* *
Вот так звучало одно из тех двух писем, которые я получил в тот день от неизвестных отправителей. Второе представляло собой крайне краткое приглашение на ужин в тот же вечер, правда по другому адресу: предлагалось прийти в Голубой дом (Кара- георгия,42). Совершенно очевидно, что именно об этом приглашении и говорилось в первом письме. Второе письмо было тоже подписано инициалами: д-р И. С.
«Я свою душу не на помойке нашел, — было первое, что я подумал, — зачем мне своими собственными ногами идти неизвестно к кому, кто не хочет назвать даже имени?»
Но потом я снова вернулся к письмам. И должен признаться, что некоторые фрагменты фраз звучали знакомо… Мне показалось, что второе приглашение, за подписью «д-р И. С.», написано мужчиной, а первое, звавшее на ужин в Дом, выкрашенный чаем, было, конечно же, самым настоящим любовным посланием от какой-то женщины. Тут я вспомнил одно изречение насчет того, что когда человеку в годах предлагают любовь, то это всегда подарок, на который он не вправе был рассчитывать. И я решил навести справки об этих домах.
Итак, речь шла о двух красивых, но изрядно обветшавших зданиях, стоявших вплотную друг к другу на прибрежье Савы. Оба были построены в конце XIX века; один некогда принадлежал торговцу по фамилии Николич, и над его крышей возвышалось некое подобие купола; второй, с магазинчиками на первом этаже и квартирами на втором, был собственностью некоего Теодора Милишича. И в том, и в другом доме верхний этаж был заперт на ключ, и на попытки до кого-нибудь докричаться отвечала тишина. Соседи рассказали мне, что наверху была дубовая дверь, соединявшая оба здания. Вот и все, что мне удалось узнать.

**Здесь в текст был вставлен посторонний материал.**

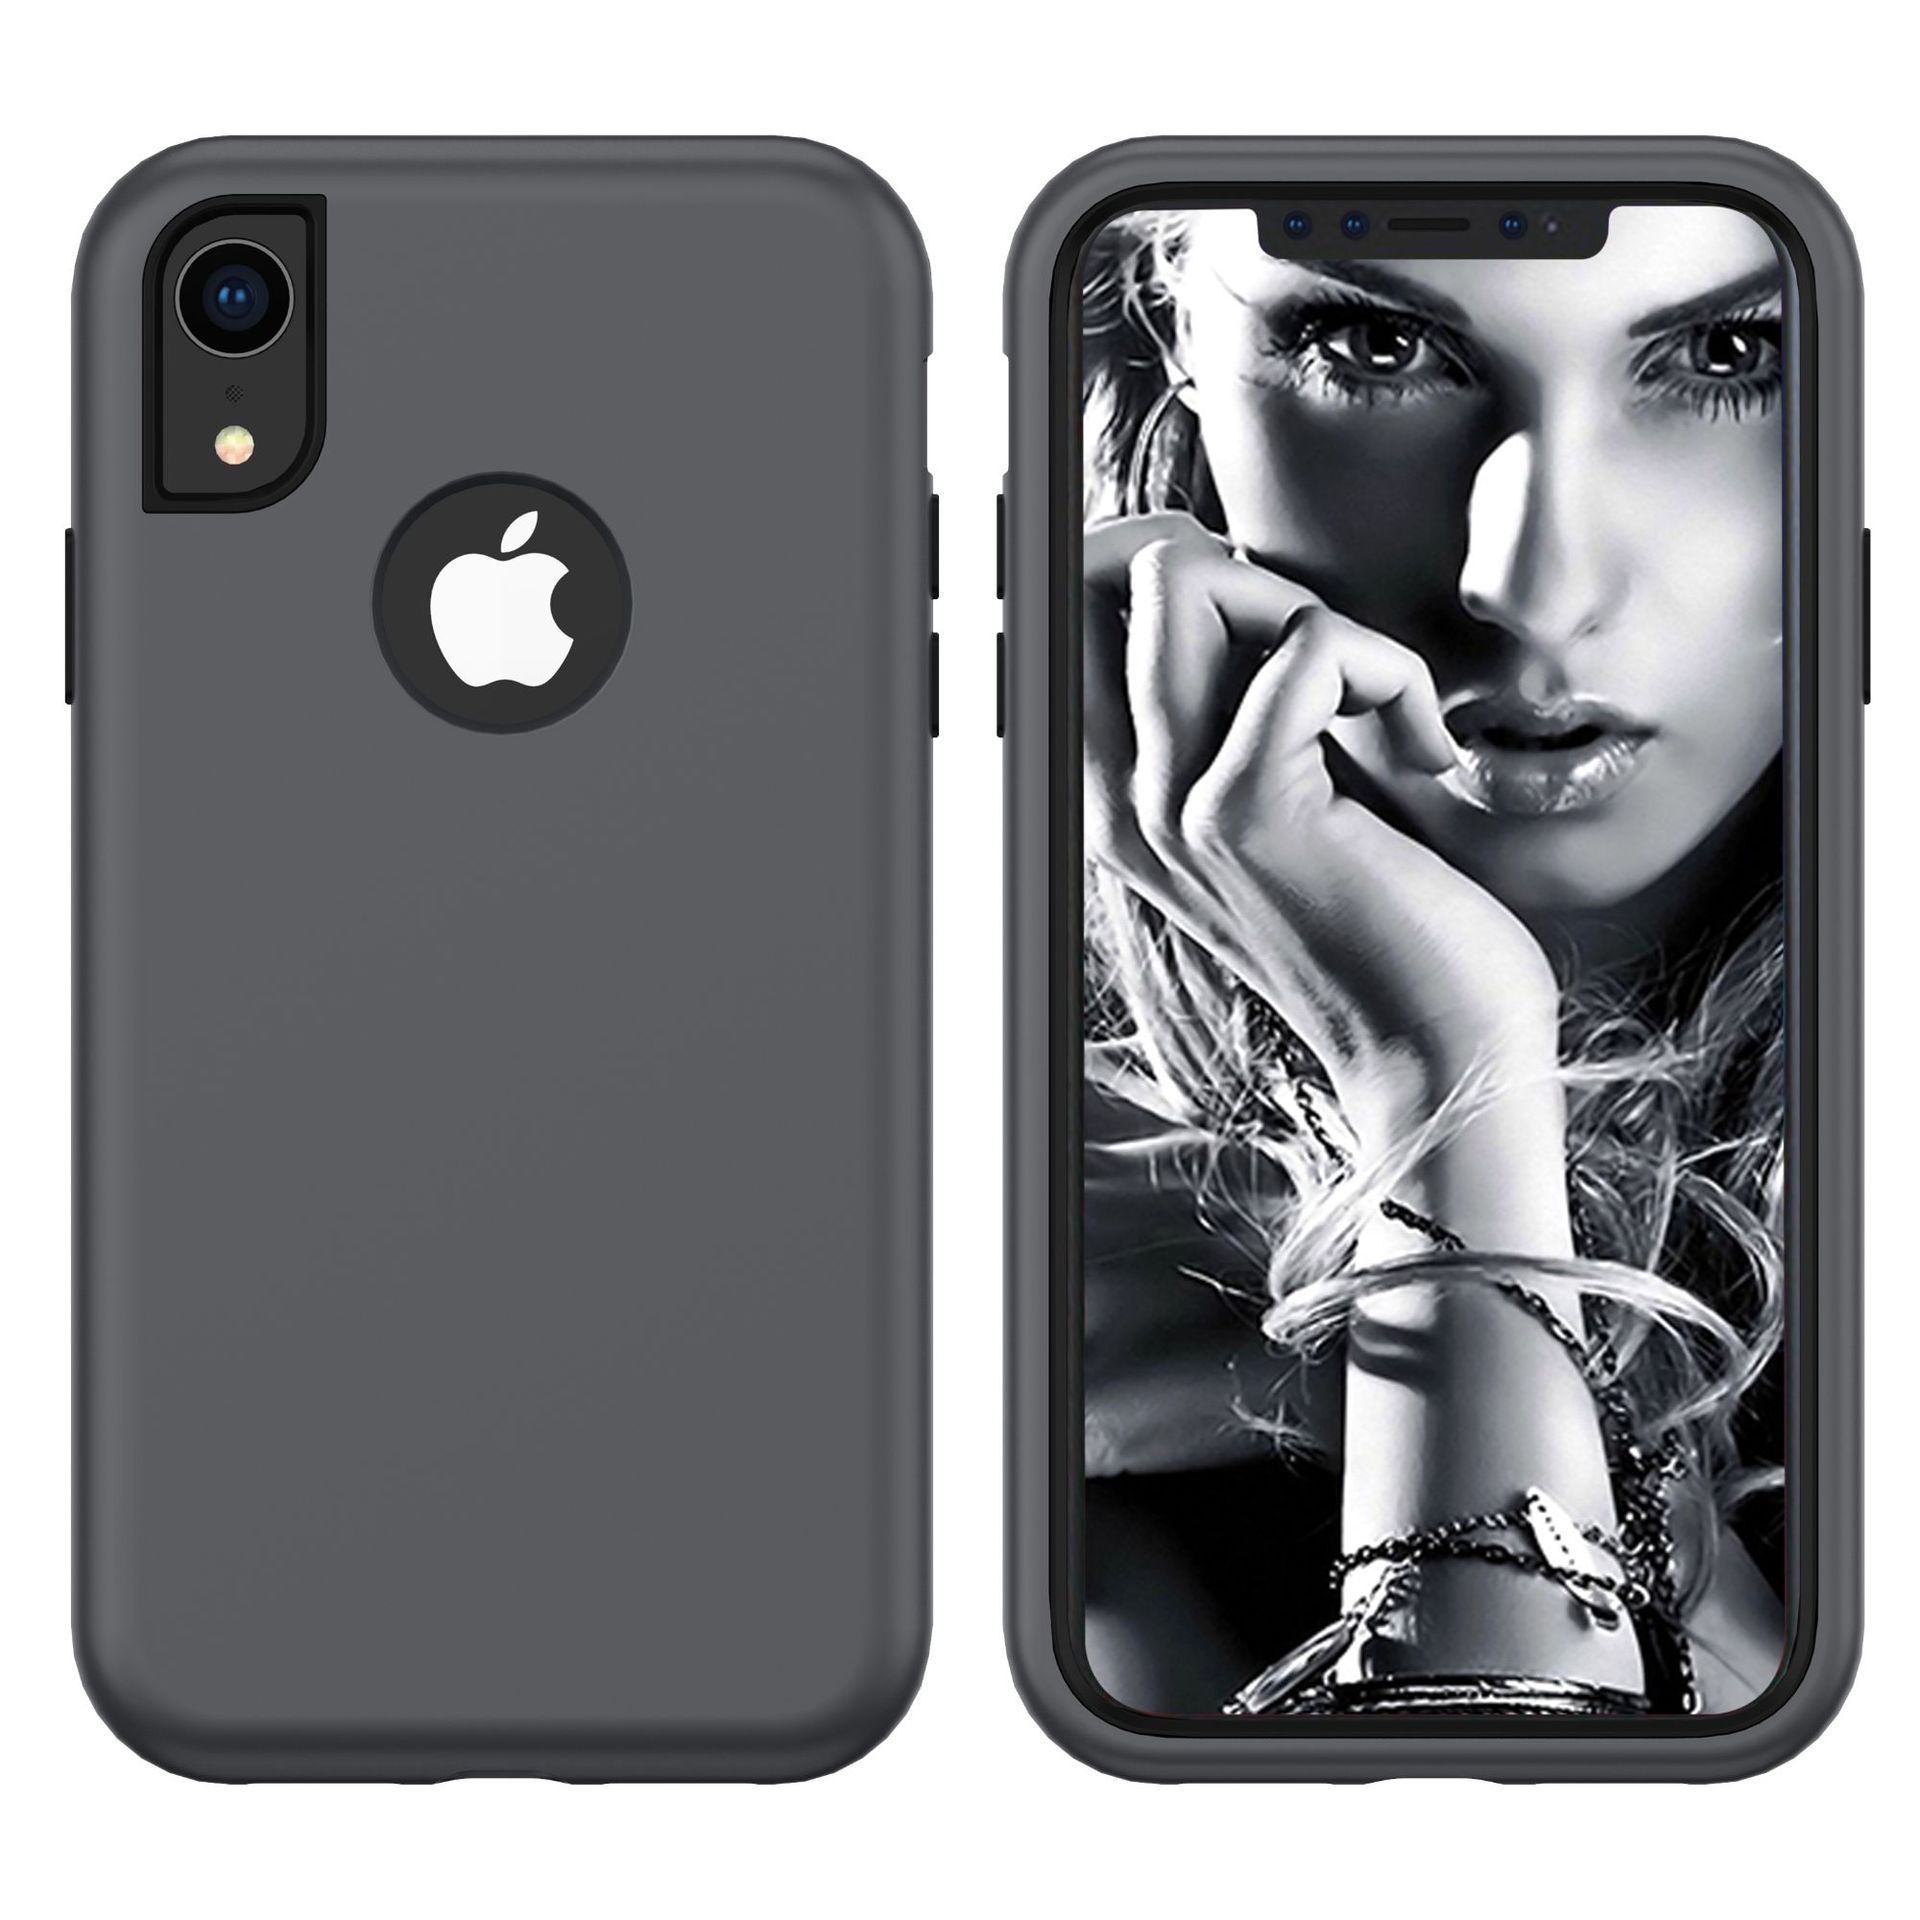 For iPhoneX/XS, XR, XS Max 3 in 1 Heavy Duty Hybrid Rugged Protective Case

Между тем, когда я снова принялся рассматривать письма, то заметил еще кое-что: в них была использована моя манера расставлять знаки препинания. Это заинтриговало меня еще больше, я заколол галстук булавкой с зеленым камнем, предохранявшим от сглаза, и решил принять оба приглашения. Проверил, хорошо ли помню заклинание, тоже от злых чар, которое действует уже благодаря тому, что его помнишь, переложил его из дальнего кармана памяти в ближний и отправился в указанное место. Дома стоят рядом, так что установить, кто куда меня зовет, будет нетрудно, подумал я, однако, спустившись на улицу Карагеоргия, оказался перед дилеммой: куда идти сначала — в Голубой дом или в Дом, выкрашенный чаем? В конечном счете это безразлично, подумал я, держась одной рукой за булавку в галстуке. А дома эти были словно две сестры, ночью краше, чем днем. Они купались в лунном свете, наполненные скрипом дверей, стуком оконных рам, потрескиванием половиц и таинственными вздохами и шепотами, которые вдохнули в них плотники, возводившие их еще в 1890 году. И тут вдруг в окнах зажегся свет. Сначала в одном блеснул желтый, потом в другом голубой, и этот голубой свет в окнах верхнего этажа показался мне двухслойным.
«Мужской и женский голубой», — подумал я и решил войти.
Когда я вошел в просторную залу на первом этаже Дома, выкрашенного чаем, посредине я увидел роскошно сервированный стол и за ним трех красивых молодых женщин. У одной лицо было цвета миндального ореха, у другой — цвета ядра этого ореха, а губы третьей, как в стихах, походили на раздавленную вишню. Все три были мне совершенно незнакомы…
На стенах я заметил несколько старинных полотен в черных голландских рамах. Самое большое запечатлело «заикающуюся девушку», а два поменьше — «зевающего господина» и «старуху, которая не может прекратить икать». В углу стоял рояль на колесиках, с оглоблями, словно это фиакр, только без лошади. Напротив рояля висела написанная на зеркале икона. На ней были изображены Богородица и Христос, благословляющие волшебный, животворящий источник. Вода его переливалась как настоящая, потому что кисть живописца не тронула зеркальную поверхность стекла. Рядом с иконой находилась та самая дубовая дверь, которая вела в соседний Голубой дом.